- Battle of Chunj: Part of the Indo-Pakistani war of 1947–1948
| Date | 25 June – 23 November 1948 |
| Location | Tithwal, Jammu and Kashmir34°25′04″N 73°44′39″E﻿ / ﻿34.4178°N 73.7442°E |
| Result | Pakistani victory |
| Territorial changes | Pakistan takes control over various points including the Chunj feature. |

Belligerents
- India Indian Army; Indian Air Force;: Pakistan Pakistan Army;

Commanders and leaders
- Gen. K. S. Thimayya Brig. Harbaksh Singh Brig. J. C. Katoch: Maj. A. M. Sloan † Maj. Ghulam Rasul Raja Capt. Rao Farman Ali Lt. Nausherwan Khan

Units involved
- 163rd Brigade 1st Sikh 1st Madras Pioneers 3rd Royal Garhwal Rifles: 4th Battalion, 16th Punjab Regiment 3rd Battalion, 12th Frontier Force Regiment

Casualties and losses
- Unknown: 42 killed, 169 wounded

= Battle of Chunj =

1948 battle during the First Kashmir war

The Battle of Chunj, also known as the Chunj Operation, was a military campaign fought between Pakistani and Indian forces from 25 June until 23 November 1948, during the Indo-Pakistani war of 1947–1948. The Indian 163rd Brigade first advanced from Handwara to Tithwal and from Uri to Urusa. The 163rd Brigade then launched an offensive from Tithwal, raising a threat to Pakistani-held Muzaffarabad. The move caused much panic in the Pakistani high command. The capture of Domel (Note: Domel, also spelt as Domail, is a subdistrict in Muzaffarabad city. ) was the main objective of the Indian offensive. Domel, only 18 mi from Tithwal, was a key position for the Pakistan Army to hold in Muzaffarabad.

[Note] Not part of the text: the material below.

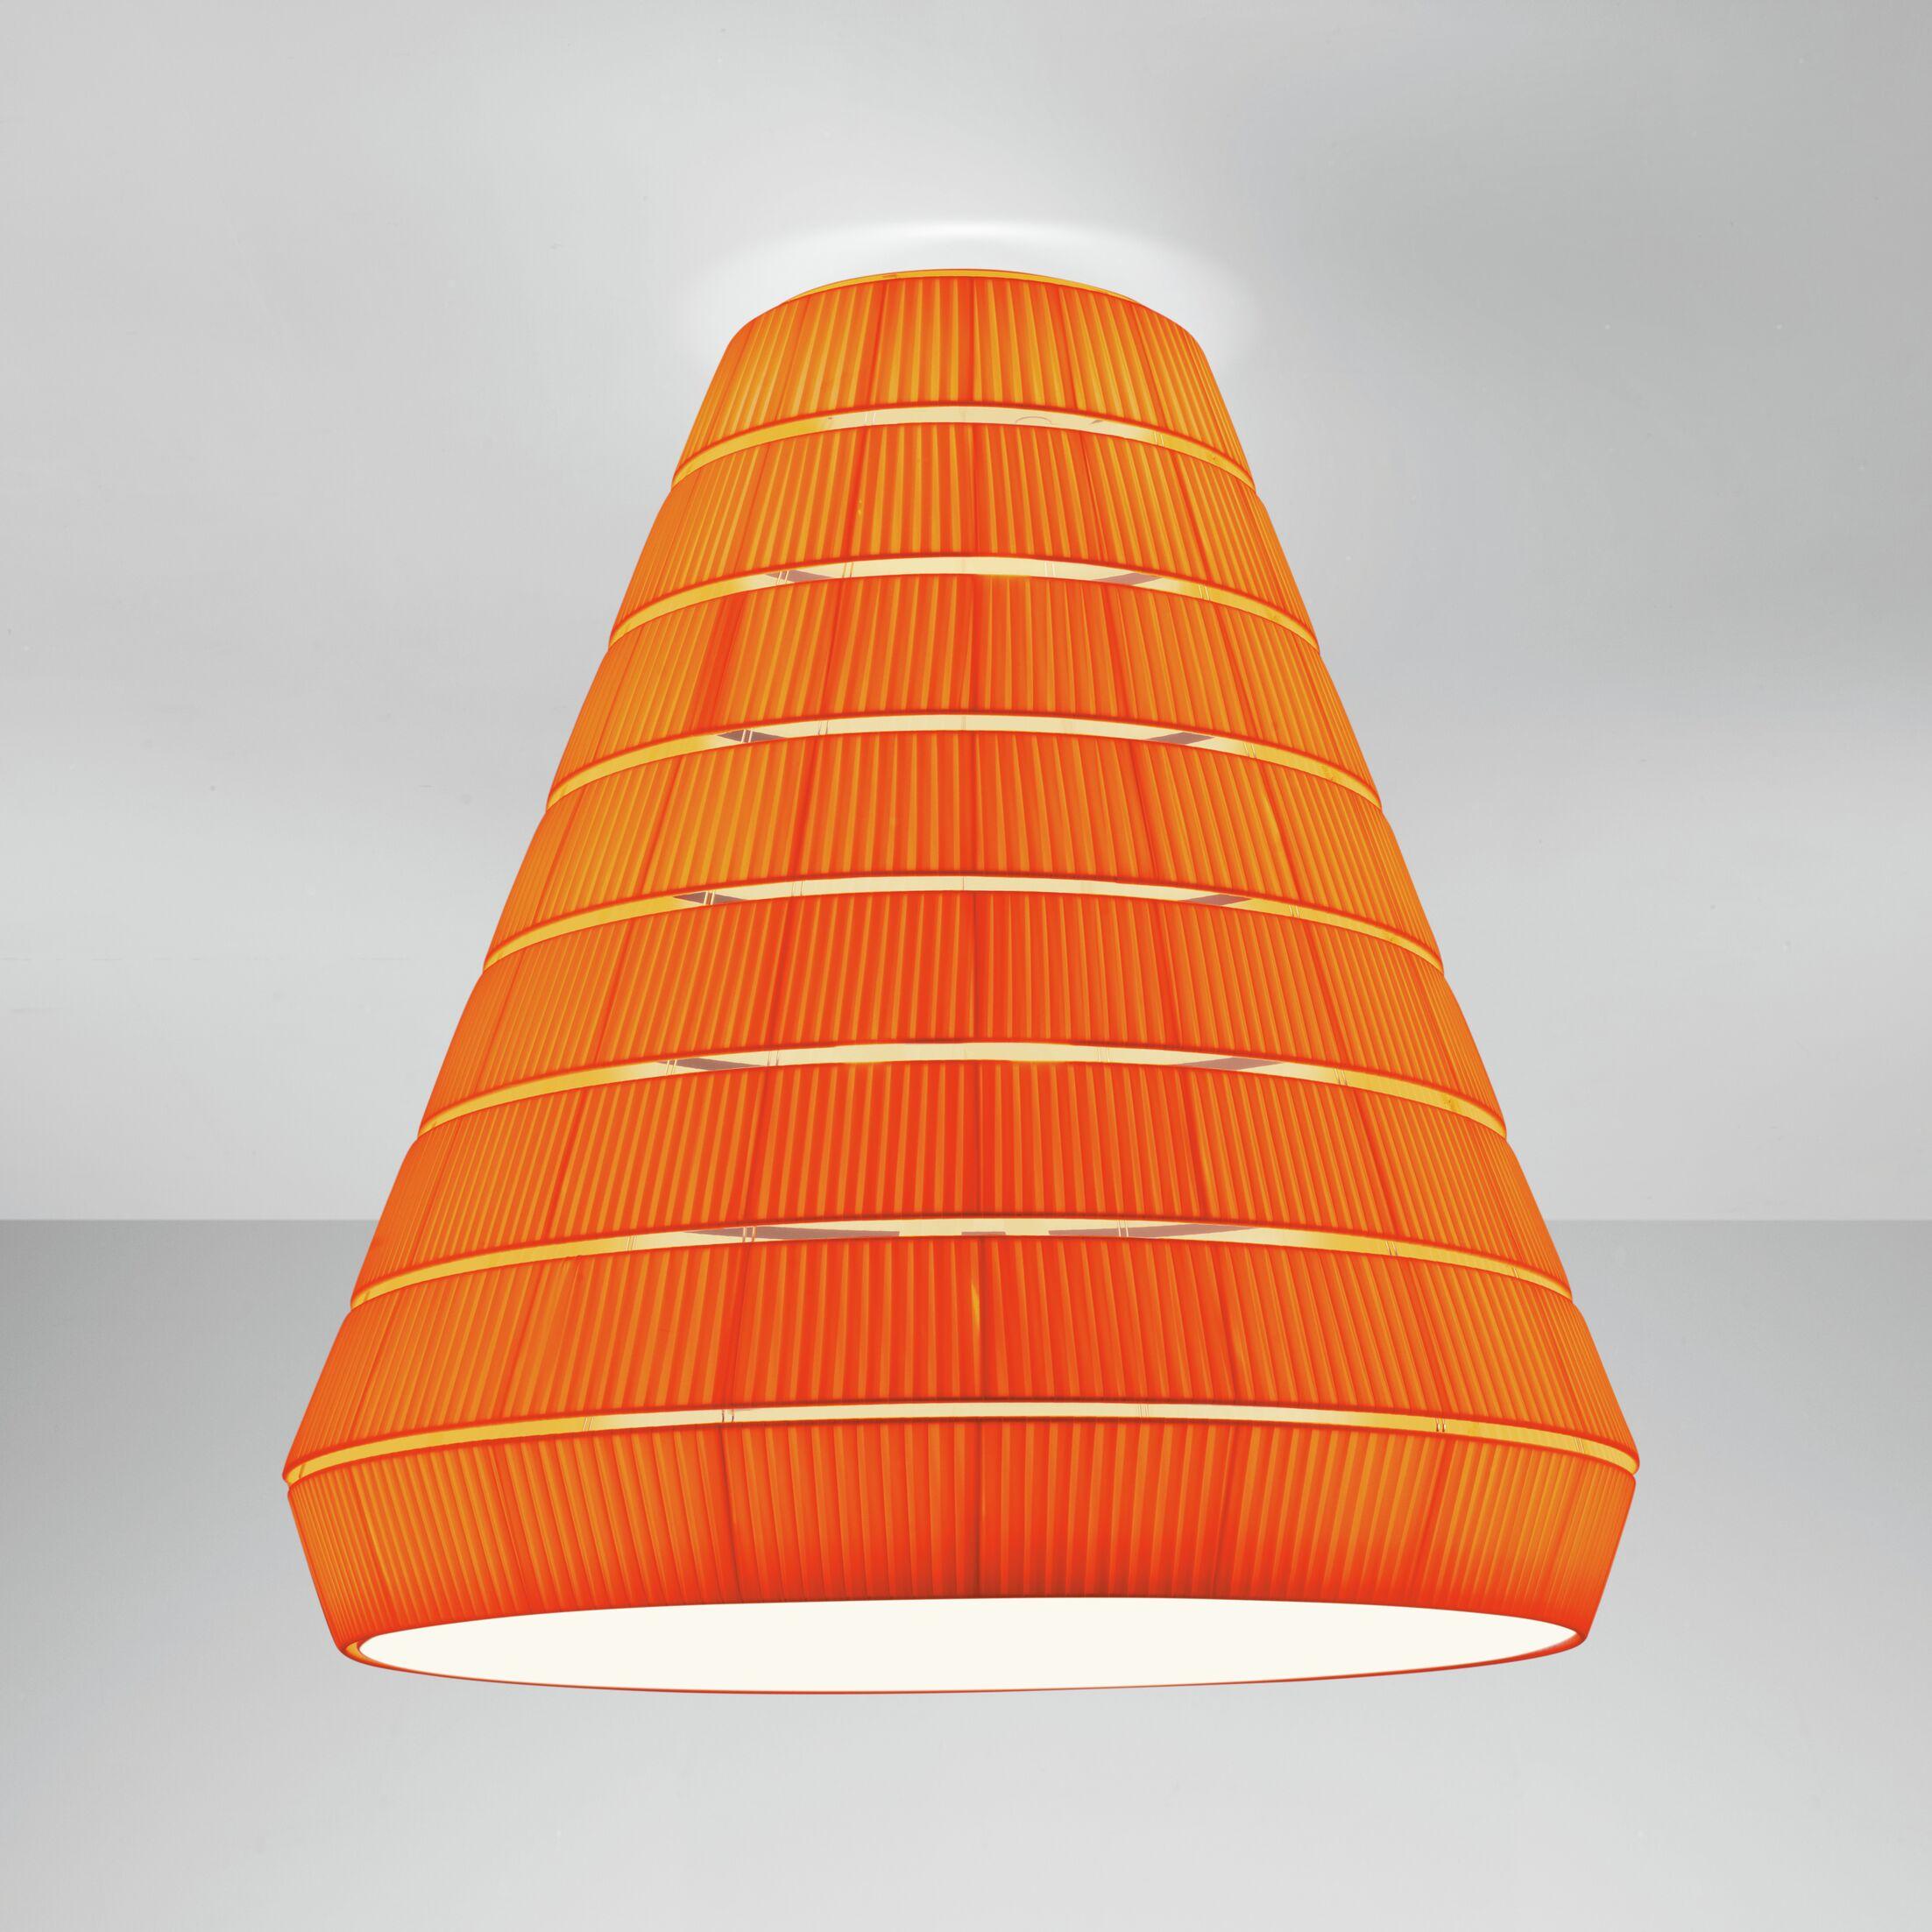 Layers E 9-Light Flush Mount Shade Color: Multicolour 1 (RB / RS / AR / GI)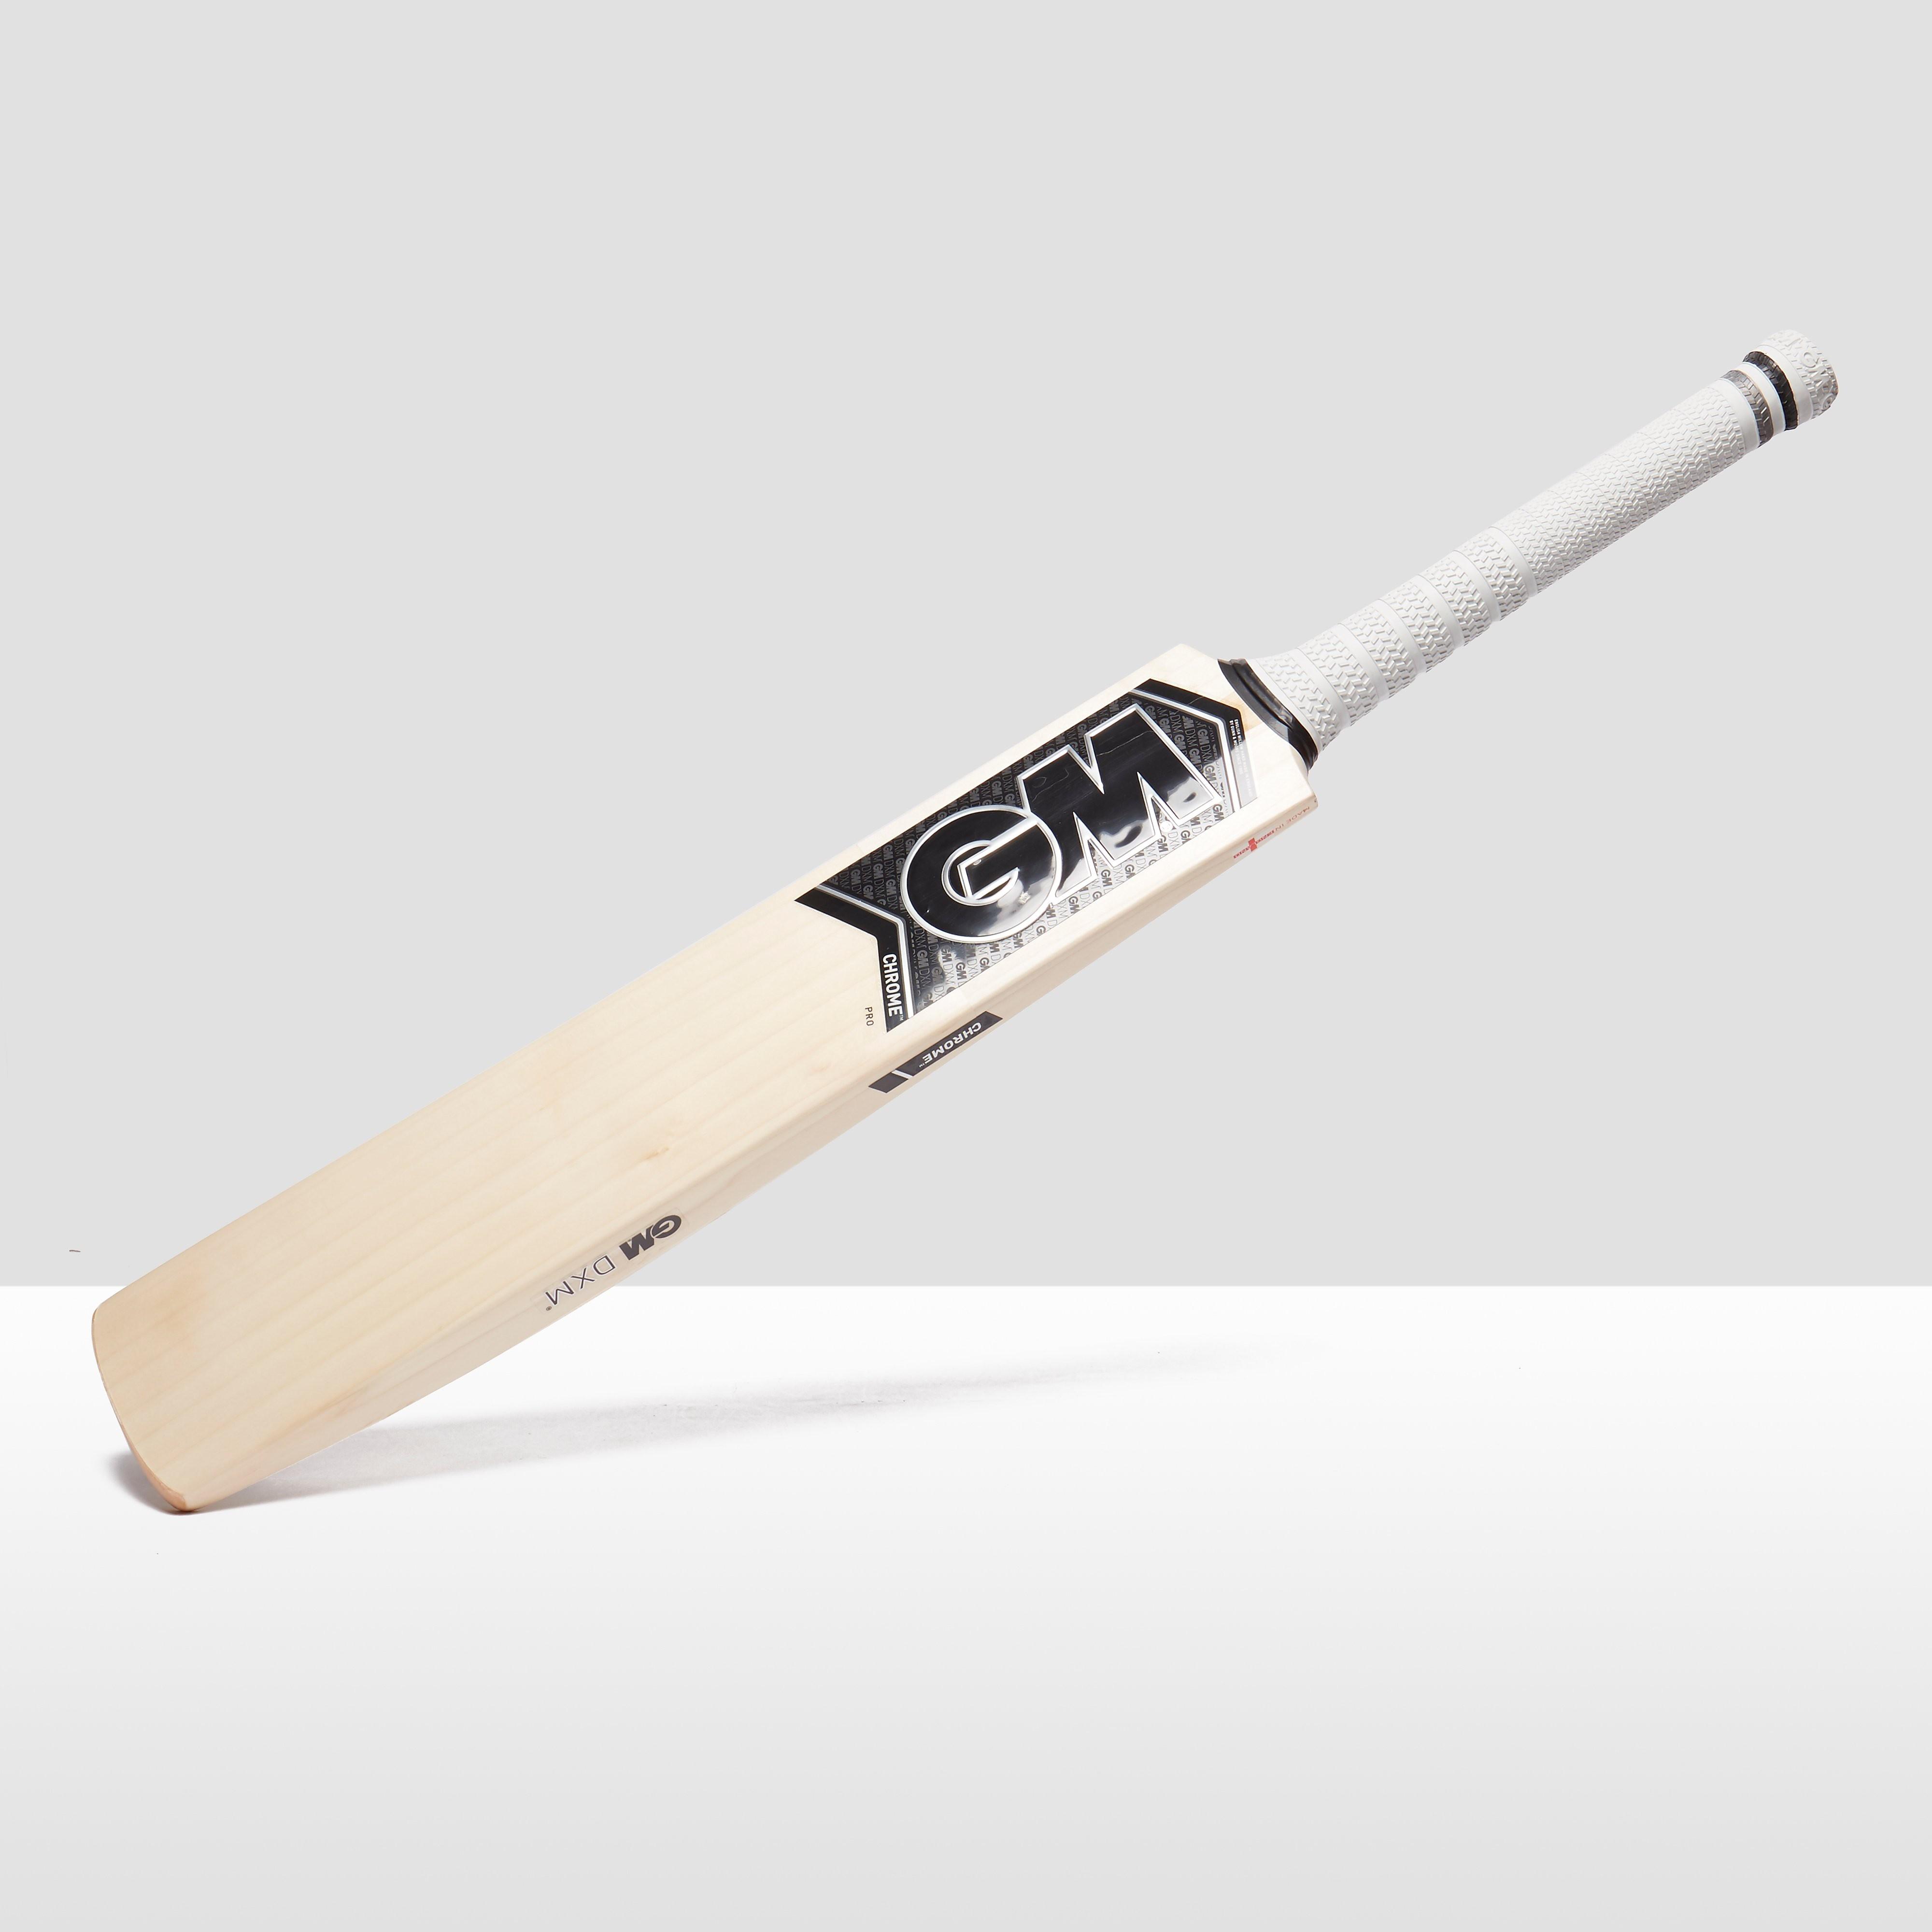 Gunn u0026 Moore Gunn & Moore Chrome L555 Dxm 808 Cricket Bat - White, White

The 10th Brigade of the Pakistan Army, under Brigadier Haji Iftikhar Ahmad, was tasked to stop the Indian advance, and defend Muzaffarabad at all costs. The Pakistani high command also consider it necessary to drive out the Indian troops from the heights of the Chunj range and push the Indian troops back to the left bank of the Neelum River, also known as the Kishanganga River. Because of the evacuation of all the advanced positions across the river, the Indian command considered it a major loss.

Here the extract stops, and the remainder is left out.